Earlier this year at WWDC, Apple announced that they will allow third-party developers to integrate with Siri – an intelligent assistant that interacts with users through voice. While Siri is not the only voice-activated device currently available, it is one of the most likely ones to be immediately integrated with enterprise software due to high prevalence of Apple devices and custom apps in the enterprise.
With phones, tablets, and other portable voice assistants like Amazon Echo on the market, the presence of voice interactions in the business realm is no longer a futuristic ideal, but a natural evolution. Leaders in voice recognition predict that this emerging technology is the new touchscreen.
Current usage data support such claims. One company reports triple increase in voice commands over the last year, and quadruple increase over the last two years. Google voice search queries have grown 35 times since 2008, and 7 times since 2010. Mobile voice assistant usage has also increased in the US from 30 percent in 2013 to 65 percent in 2015.
Advances in voice recognition technology are undoubtedly behind the increased usage. As Andrew Ng puts it, “Ninety-five percent voice recognition accuracy is good, 99 percent accuracy is a game changer.” While technology is improving, users are also becoming more aware of its capabilities and transformative effects on daily tasks. Before we know it, voice interactions will be integral to business operations.
There are two major challenges to overcome for using voice interactions in the enterprise space.
The first is form. Developers don’t speak the same language as users. Production managers communicating with line production staff, oil rig workers sending photos of malfunctioning rigs, consumers messaging customer service– they are all using domain-specific language and slang that developers are typically not aware of. Hence, going out into the field and identifying how and what your users say when performing these activities is absolutely critical to successful integration of voice technology within the app.
The second challenge is function, specifically for SiriKit. SiriKit only works for “domains” of messaging, VoIP calling, payments, workouts, ride booking and photo search features for applications. How do you fit your enterprise applications that require more functionality, such as taking notes and submitting documents, into these domains? This is a big question for developers looking to add this functionality to their existing applications.
The potential is there. For example, an industrial worker performs meter readings from a piece of equipment to determine if replacement is needed. By giving the meter readings via voice-based interactions to a chat bot within a SiriKit-integrated messaging feature of an application, the bot would analyze and provide an answer whether you need to repair or replace.
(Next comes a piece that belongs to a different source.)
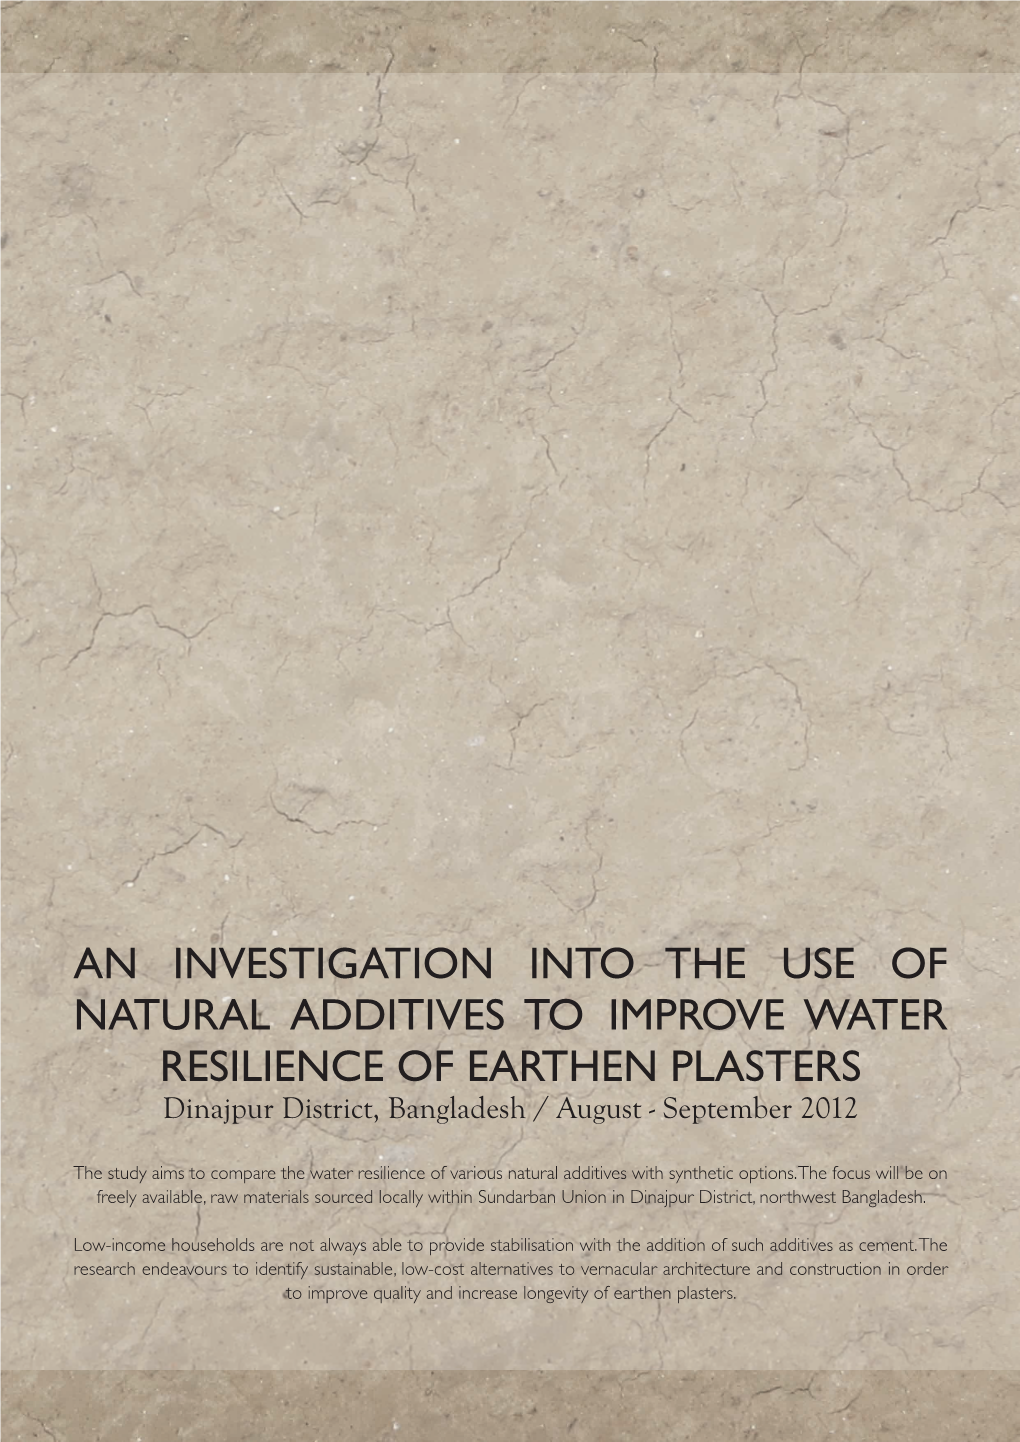 AN INVESTIGATION INTO the USE of NATURAL ADDITIVES to IMPROVE WATER RESILIENCE of EARTHEN PLASTERS Dinajpur District, Bangladesh / August - September 2012

The potential for voice to have serious impact is enough to invest in overcoming these hurdles. Here are two examples of how voice recognition technology will transform enterprise:
- Voice interactions reduce time to perform tasks. Speaking is faster than typing the same sentence. Looking up information in a massive directory or finding and launching files are very obvious examples of saved time. Imagine telling your computer to “find the Statement of Work for Client X from last June” and seeing the correct document on your screen a second later. This interaction finds the document user intends without knowing a specific filename and completely eliminates various clicks and open windows while navigating through a directory to find the desired document.While time savings from reducing browser windows and clicks may seem negligible in an office environment scenario, seconds and minutes shaved off of pulling up a customer account at a service call center can convert to millions of dollars in annual savings.
- Voice interactions is the new on-the-job training. In another example, industrial worker performing maintenance on an oil well has his hands occupied with gloves and tools. A smartphone synced with headphones and microphone can dictate to the worker step-by-step instructions to perform his tasks. Additionally, the user can instruct his device to record various actions he took, send notes to his supervisors, fill out safety checklists and file another work order on the equipment. This scenario takes advantage of voice interactions that completely free up user’s hands and eyes for the primary task at hand – performing maintenance. A voice assistant that can walk through procedures step by step at a user’s pace and repeat instructions or pull up some additional information about an issue on the fly is the new on-the-job training for junior employees. Filling out checklists, scheduling follow up maintenance, requesting additional help, ordering materials and supplies — all while on a work site, will provide faster and much improved transparency about what is happening on the ground floor in real time.
The scenarios presented here may have been a dream of fiction as little as 10 years ago. Yet recent advances in voice recognition technology inspire giants like Rolls Royce to invest in this new tool to harness its possibilities of improving how people work and drive businesses forward.
Nonetheless, while technology is advancing forward we must also not lose focus of the users of these tools. A device that listens and speaks to the user, as technologically sophisticated as it is, can still fail its users. Like all technology, developing a product without identifying the users’ needs and context leads to low user adoption rate. View your users as a jury, and the performance and usability of the app, especially with a new feature like voice interactions, as the main argument. It needs to be convincing enough for users to overcome their initial reservation about new technology. Make sure that your investment in voice recognition includes user researchers and designers.